As a general rule a demurrer admits the facts pleaded and refers the question of their legal sufficiency to the decision of the court. To give this effect to the demurrer the facts must be well pleaded: Hancocke v. Prowd, 1 Saund. 337 b, n. 3; Jones v. Stevens, 11 Price 235.
Here the defendant’s plea set forth the record of an acquittal on an indictment charging an offence in regard to the returns of an election held in another township. It did not aver that the townships named in each indictment were one and the same township. Bearing different names the legal presumption is that they were separate and distinct townships. The plea alleges no fact repelling that presumption.
It is contended that the same election is described in each indictment, and that therefore that each offence was committed by one and the same act. In one sense it may be said that it was the same election: but in many others it was not. Each was a district in which the qualified voters thereof might vote in the election of the same officers, but it does not necessarily follow that the votes were cast for the same persons. John Doe may have received all the votes cast, for a particular office, in one township, and Richard Roe all cast for the same office, in the other township.
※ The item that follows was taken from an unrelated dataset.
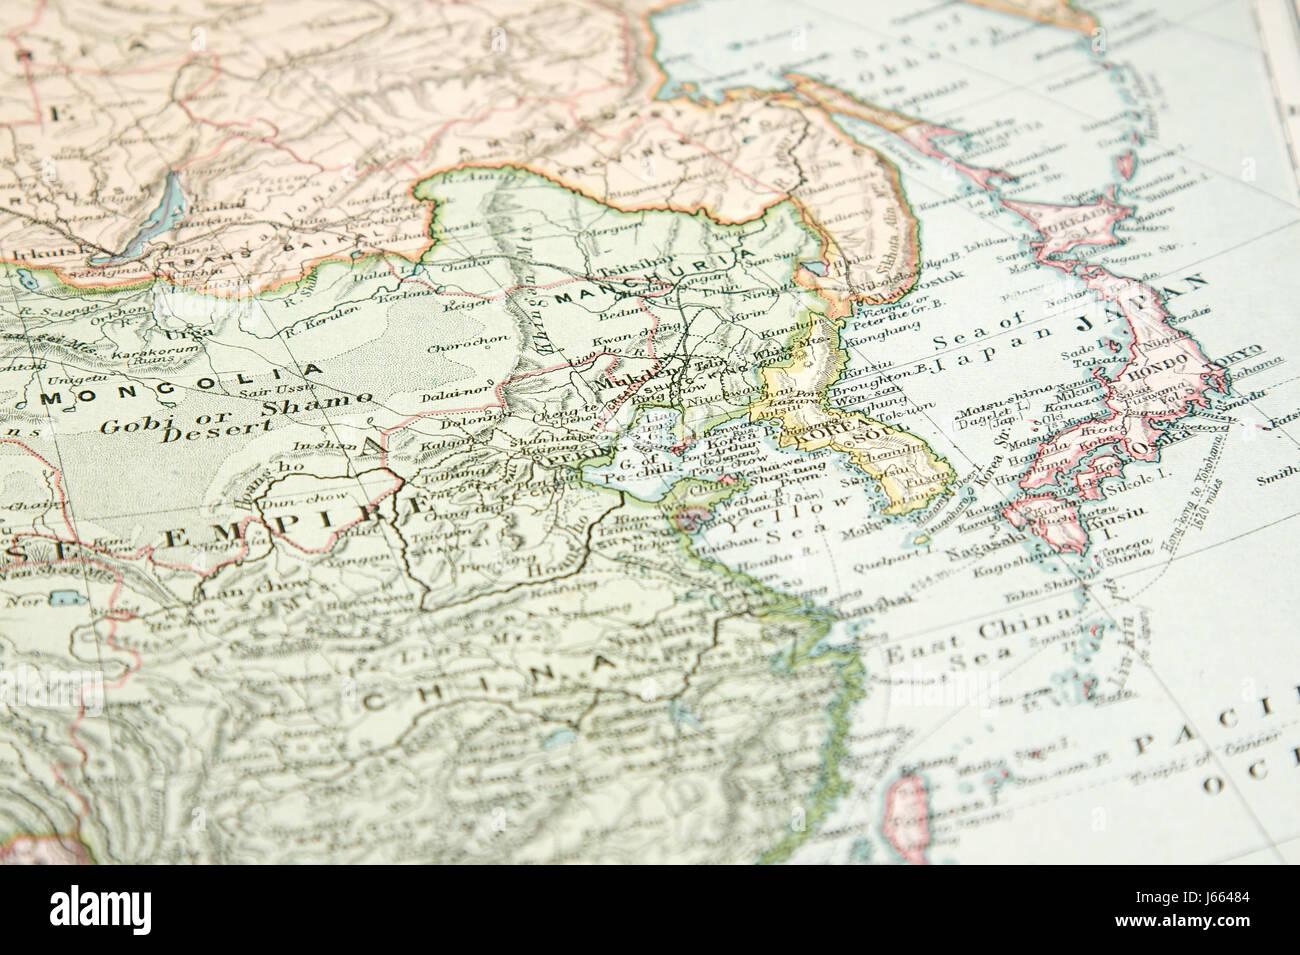 Carte Du Monde Chine Japon.Graphique Chine Japon Coree Globe Planete Terre Monde Vieux

A fraudulent alteration of the records, showing the number of votes cast in one
The question here is not whether an indictment might not have been framed in language general and broad enough to have let in the evidence, and' to have tried the defendants for falsifying all the returns of this election in the county; but whether such action could have been had under the indictment pleaded in bar, which limited the offence to the records of “ Old Forge” township ? As on an indictment for forging the note of A., no conviction could be had for forging the note of B., so on an indictment for forging the election papers of “ Old Forge ” township no conviction could be had for forging the election papers of “ Blakely township.”
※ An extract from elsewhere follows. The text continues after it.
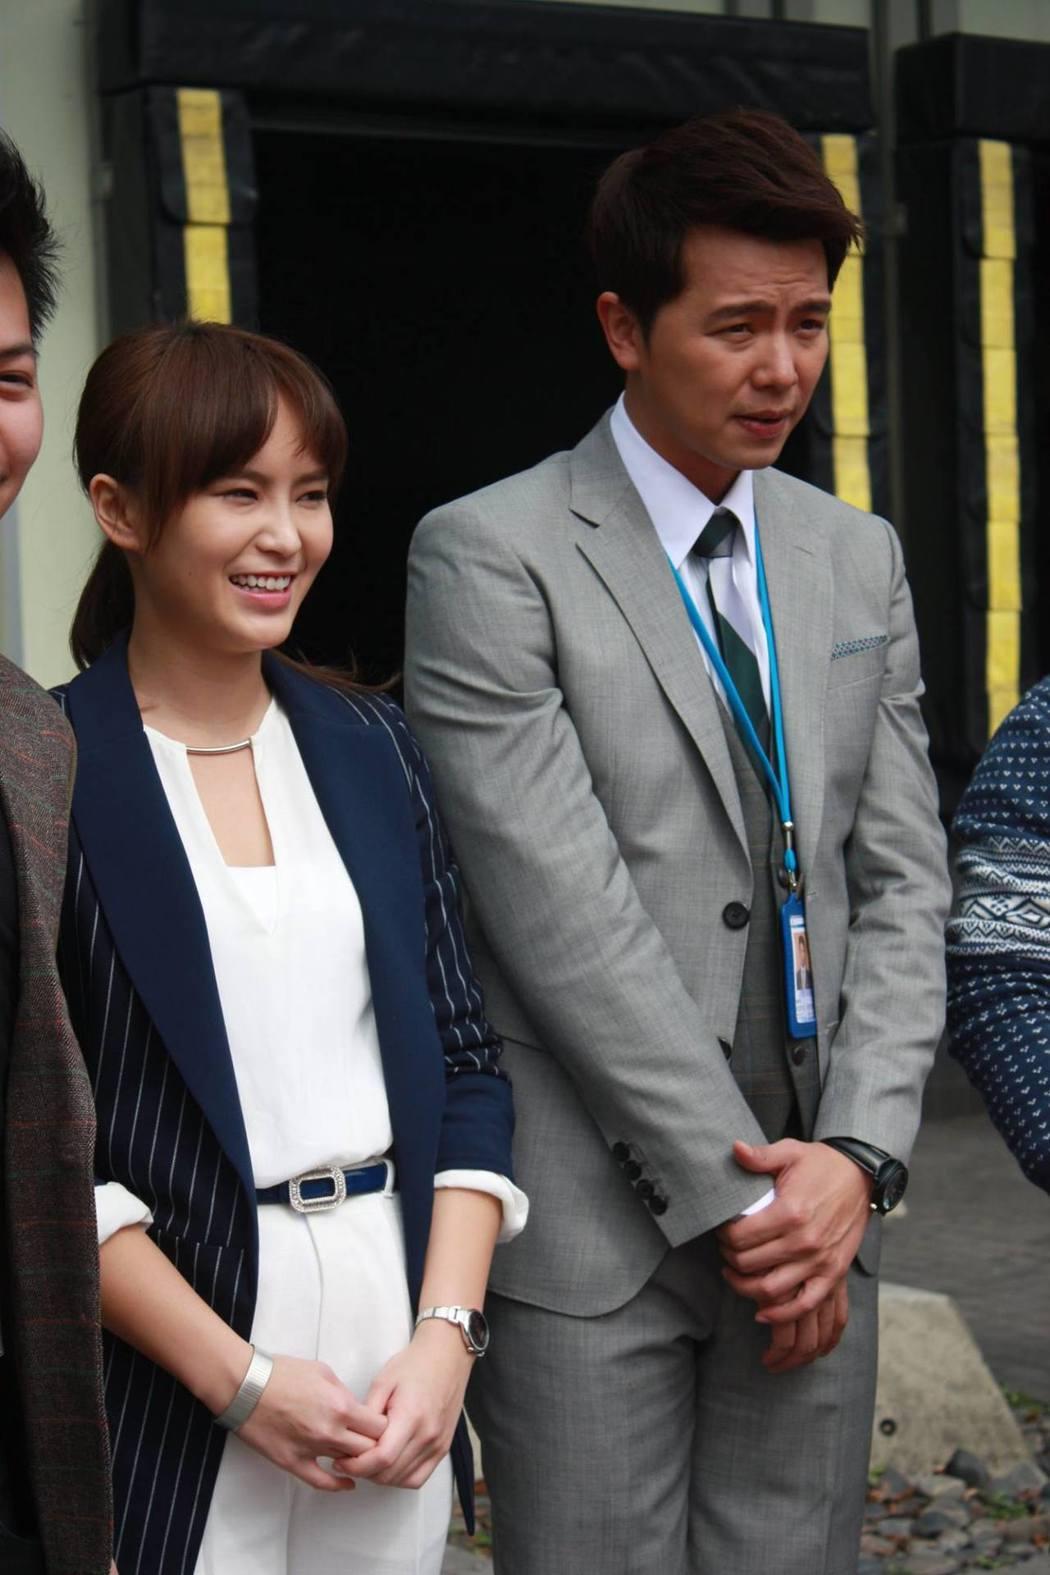 黃鴻升(右)曾主演「一屋二欺」,與導演謝辰陽合作。圖/摘自臉書

It is contended that if this be the correct effect to be given to the record, yet inasmuch as the plea further avers the offence to have been the same, it changes the effect of the record. We cannot
On demurrer to a plea in bar, the court will consider the whole record, and give judgment for the party who on the whole appears to be entitled thereto : Duppa v. Mayo, 1 Saund. 285, n. 5; 1 Tr. & H. Pract. 490; Murphy v. Richards, 5 W. & S. 279. Hence, on a demurrer to a replication, if the court think the replication bad, but perceive a substantial fault in the plea, they will give judgment not for the defendant, but for the plaintiff, provided the declaration be good: Anon., 2 Wilson 150. Whether the former acquittal was for the same offence depends on the record pleaded, and not on the argument or inference deduced therefrom. The defendants plead in bar a former trial on no other indictment than the one set forth in the plea. If that record shows that the evidence necessary to support a conviction on the present indictment, would have been insufficient to procure a legal conviction on the former, the plea of autrefois acquit is not sustained.
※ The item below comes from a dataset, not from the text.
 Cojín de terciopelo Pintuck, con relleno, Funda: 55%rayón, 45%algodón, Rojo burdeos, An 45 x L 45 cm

It was further urged that the objection to the sufficiency of the plea could be raised by special demurrer only. It is undoubtedly true that a special demurrer is necessary where the objection turns on matter of form only ; but a general demurrer is sufficient where the objection is to matter of substance: Steph. on Plead. 159; 1 Tr. & H. Pract. 489. Here the demurrer is to matter of substance. The substance of the plea is the record therein recited. The demurrer denies the sufficiency of all the facts shown by that record. The record pleaded describes specifically the offence charged in the former case, and shows it is not the same offence which is charged in the present. It shows the offence now charged here could not have been tried there. It is the duty of the court to declare the legal effect of a record which is offered to sustain the plea of autrefois acquit, and the record cannot be gainsaid by parol evidence : Martha v. State, 26 Ala. 72. The learned judge erred in overruling the demurrer.
Judgment reversed, and judgment of respondeat ouster.